What to produce: Take the records below and set down exactly the lines from the one with "Through different measures, KSRM" to the one with "Exquisite whale coloring page for kids", ends included; do not copy the pictures.

──────── Dataset excerpts ────────

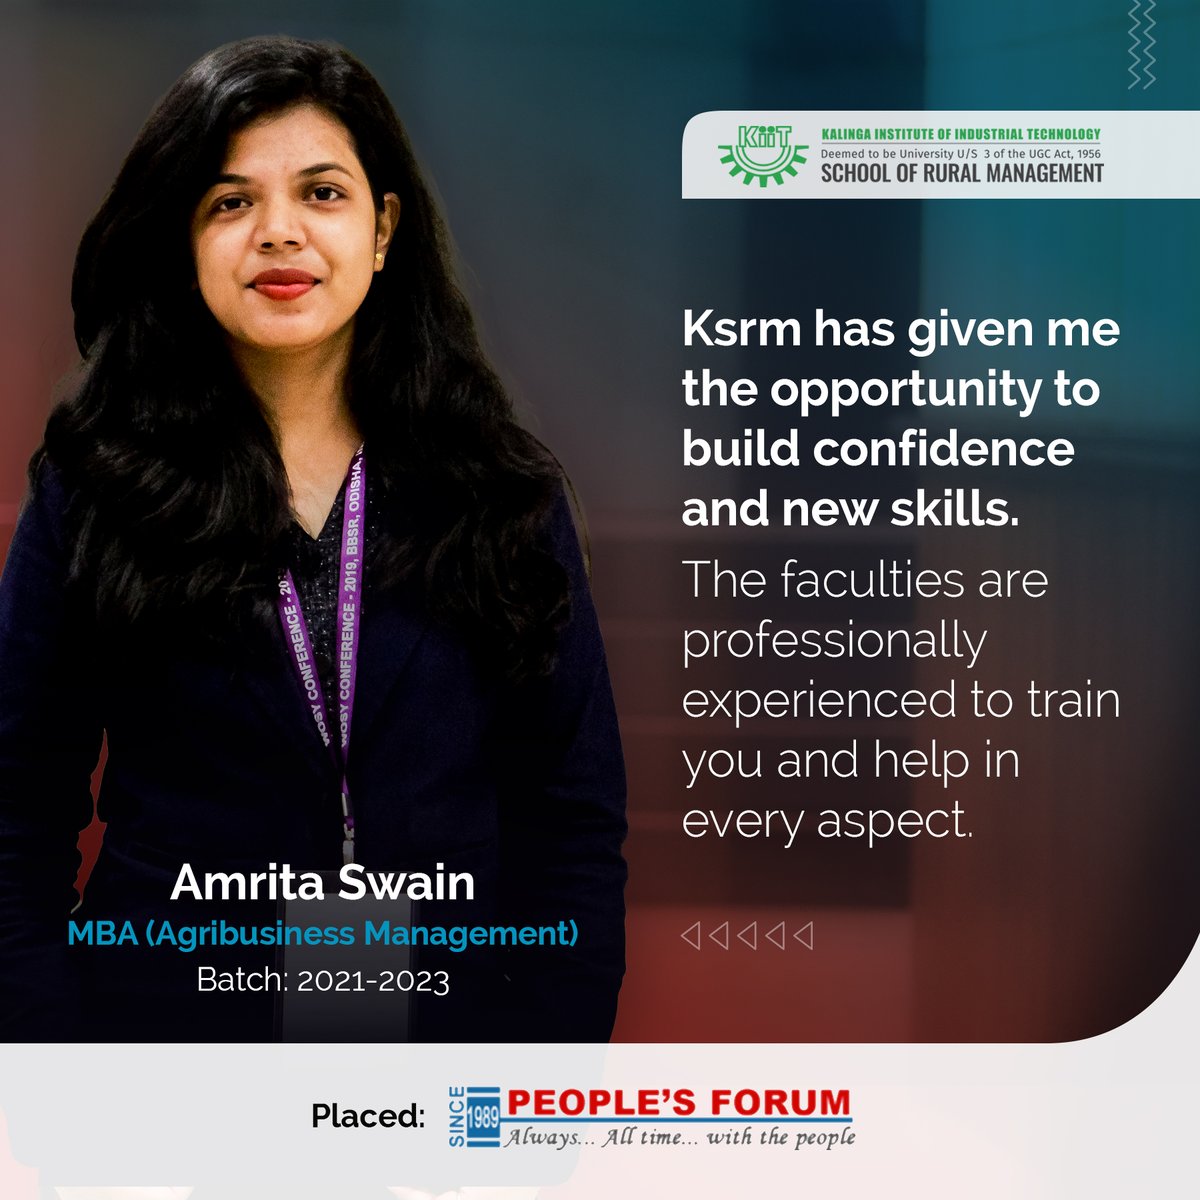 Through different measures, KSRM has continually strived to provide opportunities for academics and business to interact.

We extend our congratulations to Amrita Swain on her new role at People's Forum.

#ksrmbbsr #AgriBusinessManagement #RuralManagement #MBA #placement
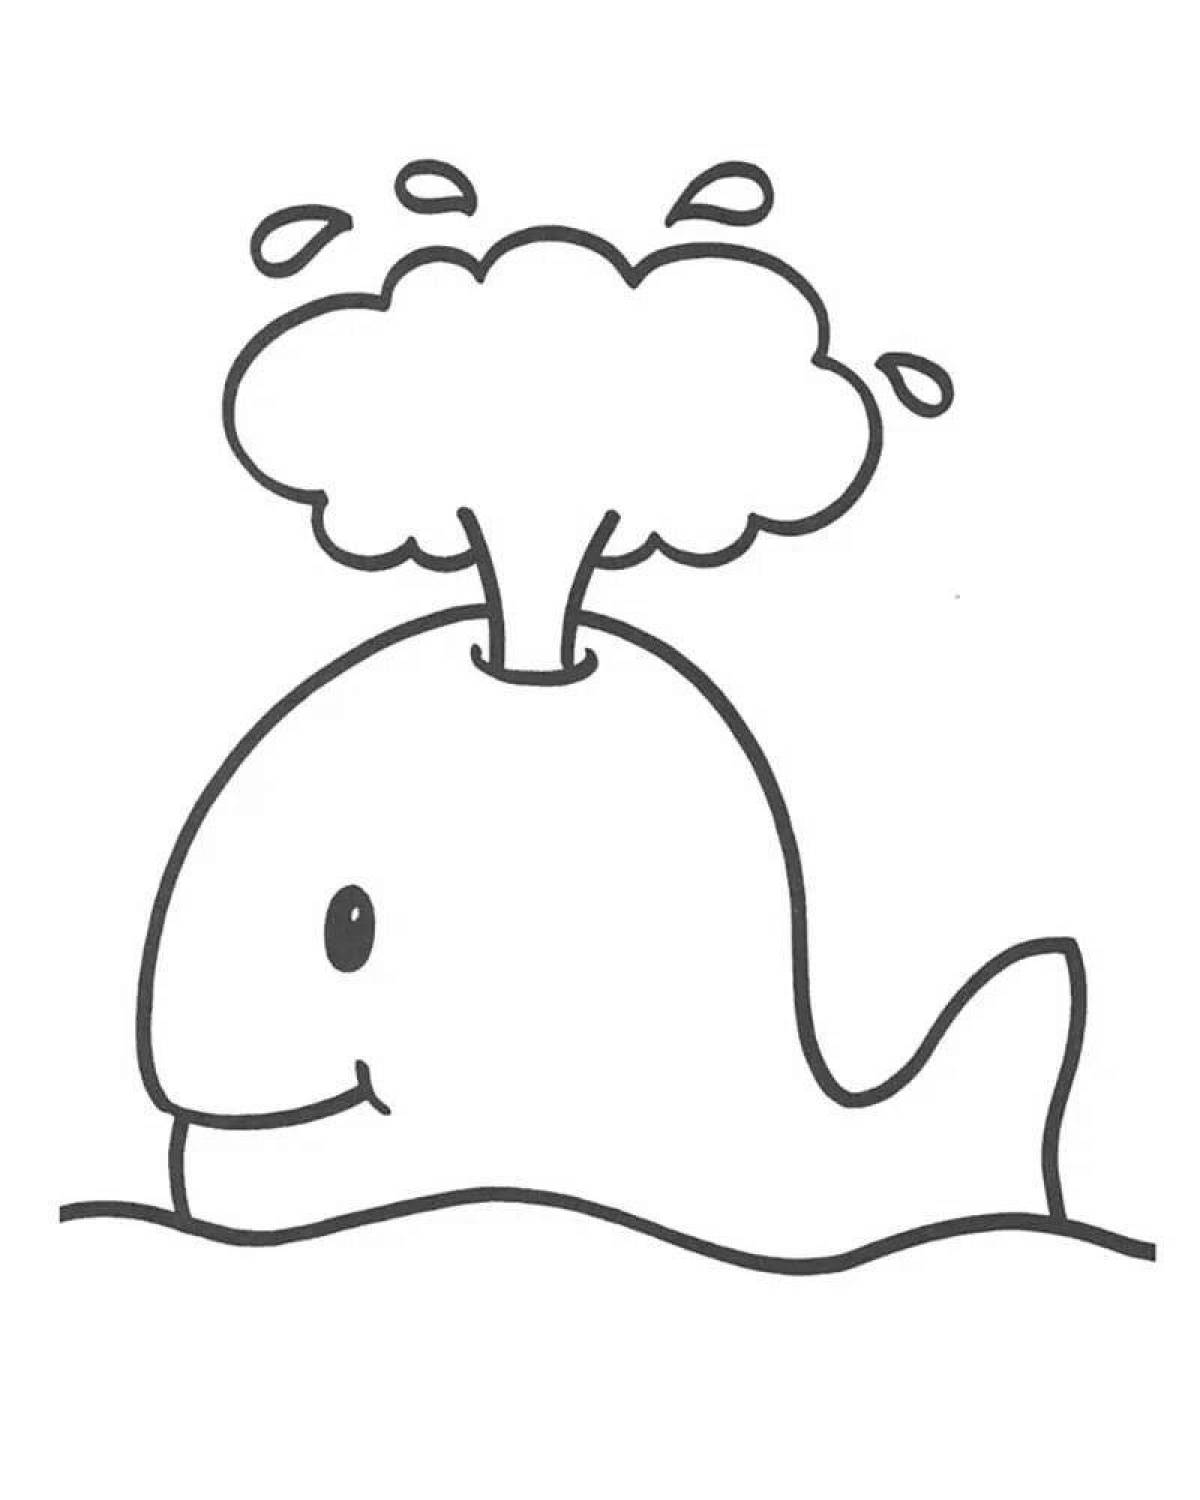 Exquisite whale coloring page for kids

────────
──────── Dataset excerpts ────────

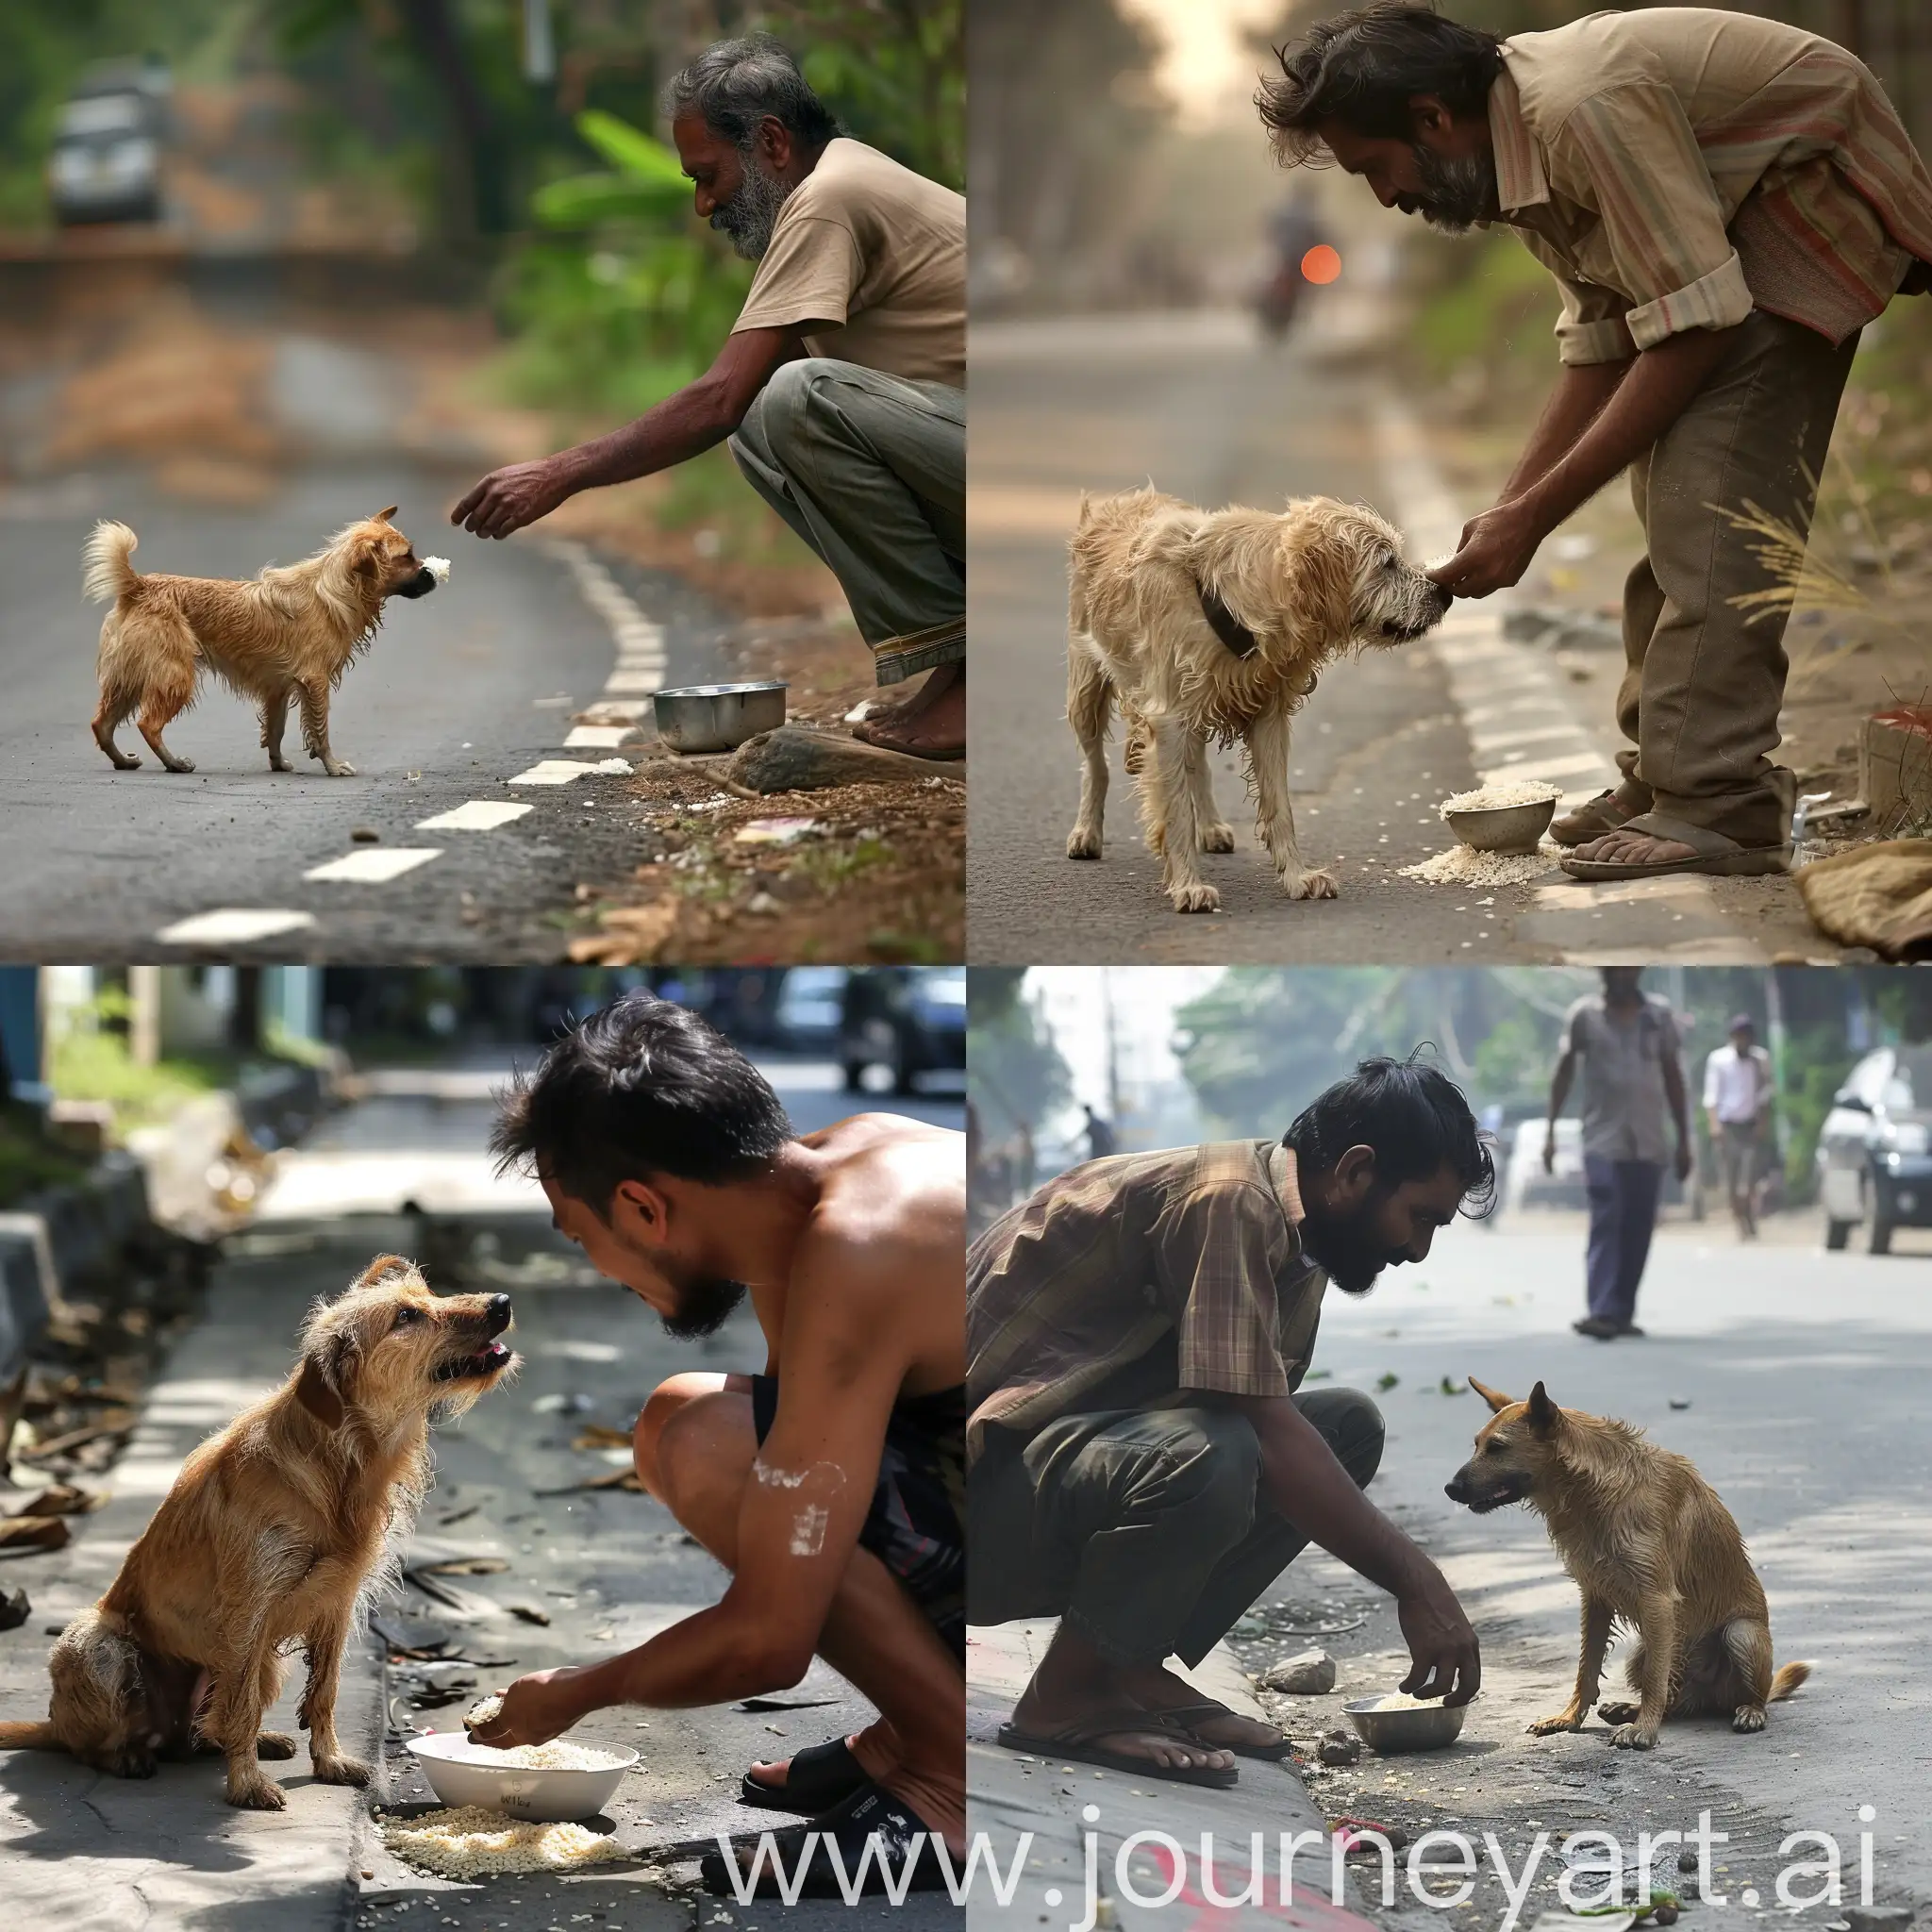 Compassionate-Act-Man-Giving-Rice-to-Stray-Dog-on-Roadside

────────

Output for this task:
 Through different measures, KSRM has continually strived to provide opportunities for academics and business to interact.

We extend our congratulations to Amrita Swain on her new role at People's Forum.

#ksrmbbsr #AgriBusinessManagement #RuralManagement #MBA #placement
 Exquisite whale coloring page for kids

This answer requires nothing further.